### Task description
For this exercise, return all the data word for word, with images left out.

### Data provided
============

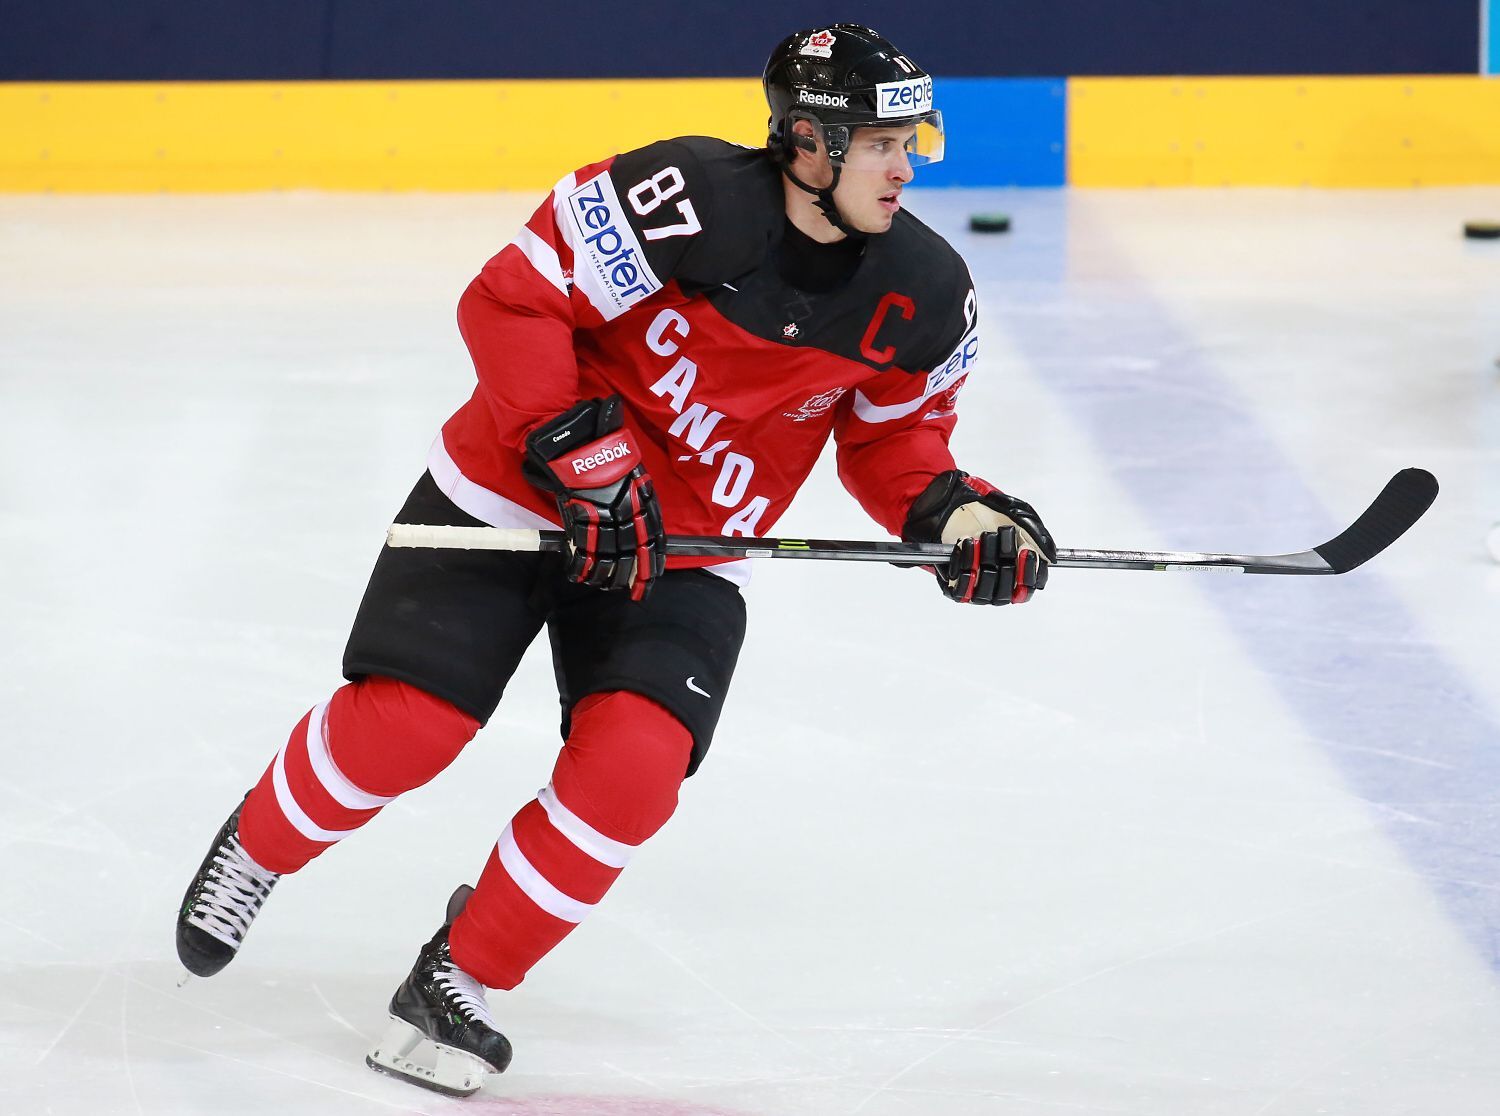 MS 2015, Švédsko - Kanada: Sidney Crosby
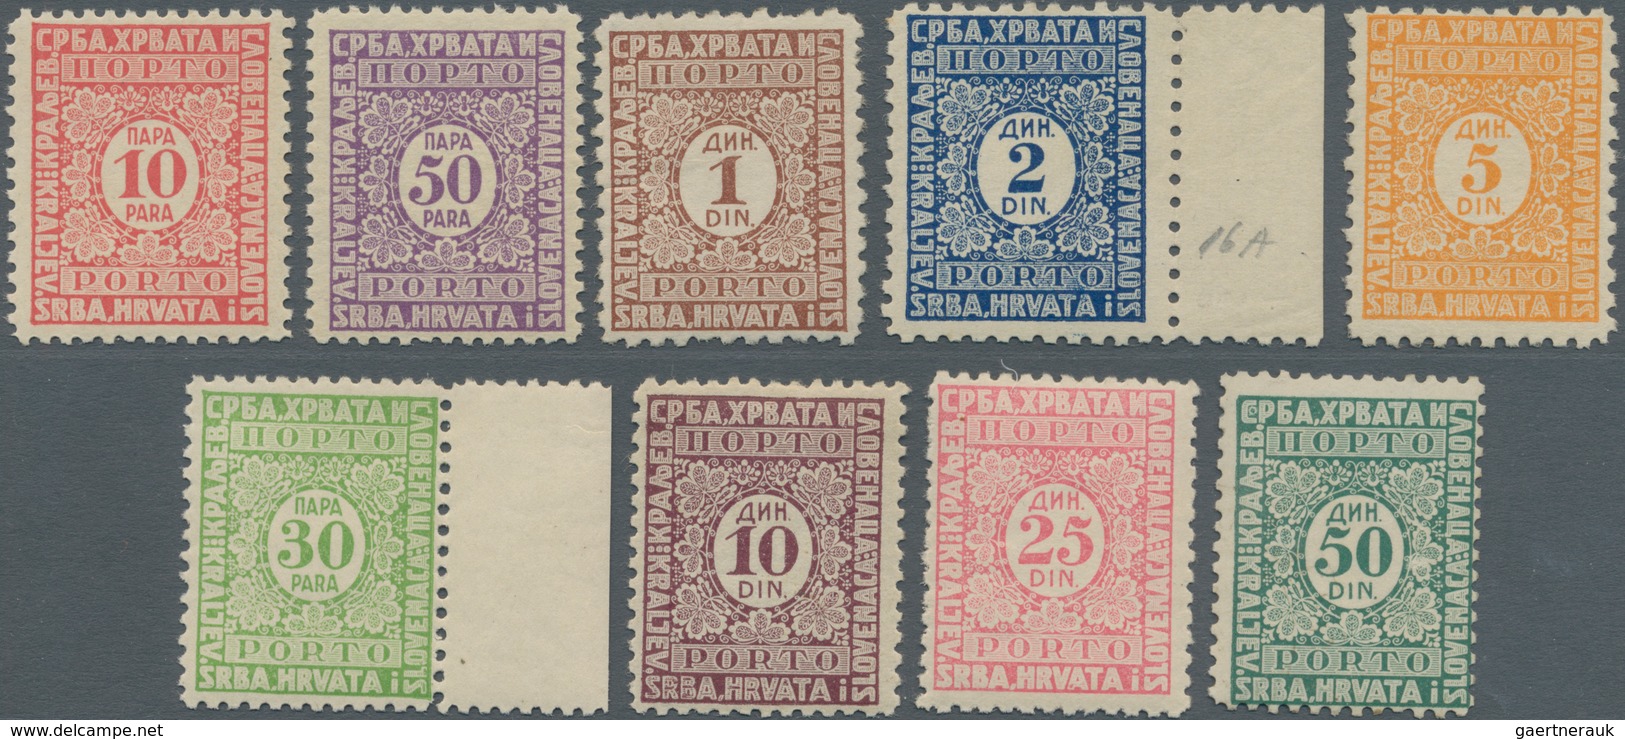 Jugoslawien - Portomarken: 1923 (July) - 31. POSTAGE DUE. As 1st Issue Of 1921 But Prepared From New - Portomarken
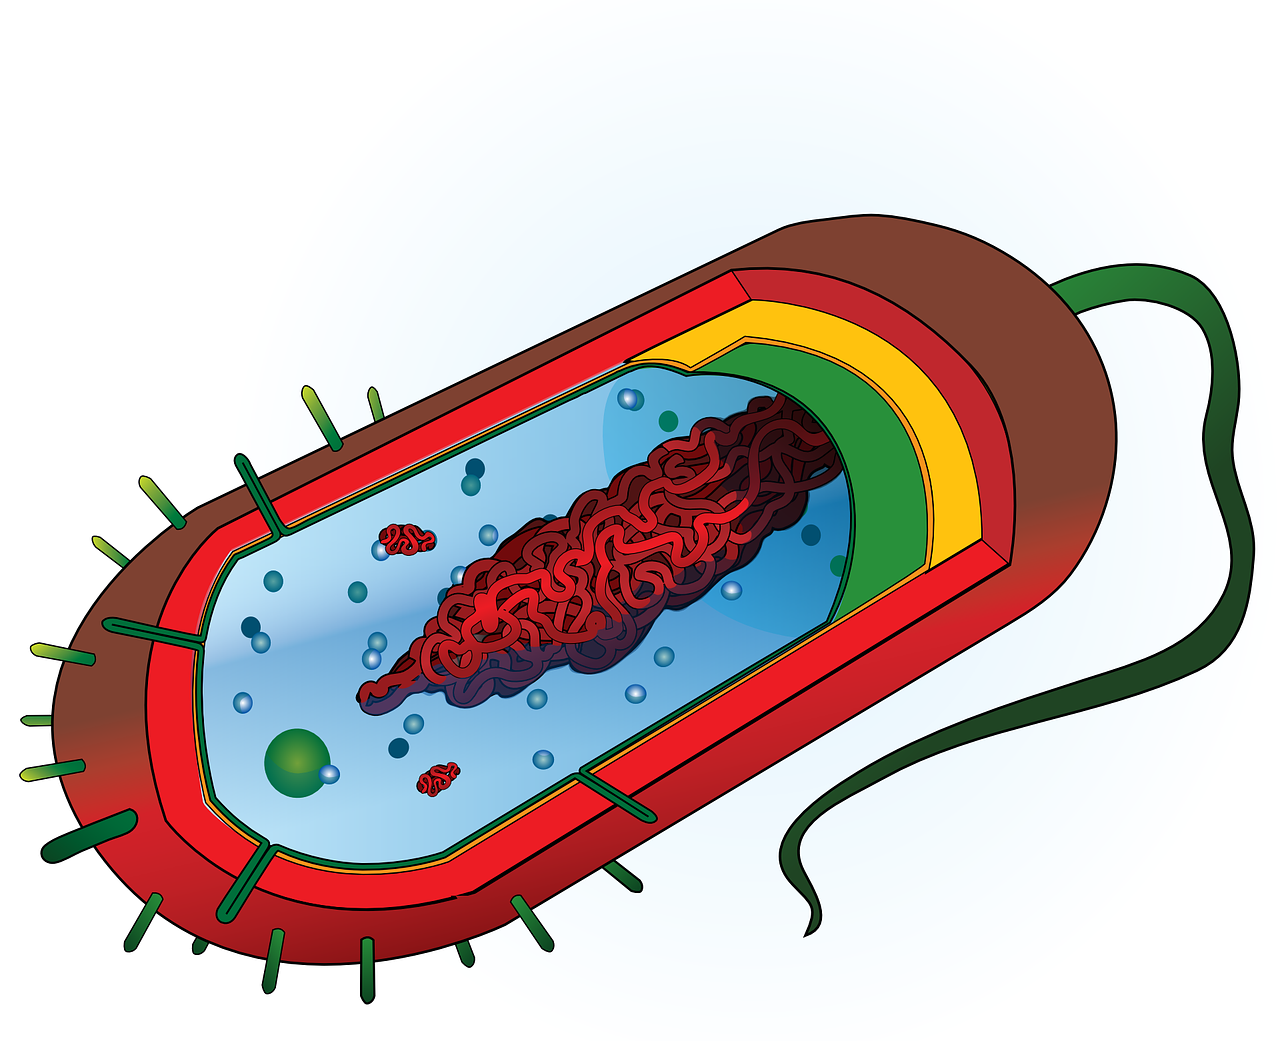 Bakterija, Nukleozė, Citoplazma, Ląstelė, Ribosomos, Membrana, Siena, Kapsulė, Biologija, Flagelas

============

### Your solution
 MS 2015, Švédsko - Kanada: Sidney Crosby
 Jugoslawien - Portomarken: 1923 (July) - 31. POSTAGE DUE. As 1st Issue Of 1921 But Prepared From New - Portomarken
 Bakterija, Nukleozė, Citoplazma, Ląstelė, Ribosomos, Membrana, Siena, Kapsulė, Biologija, Flagelas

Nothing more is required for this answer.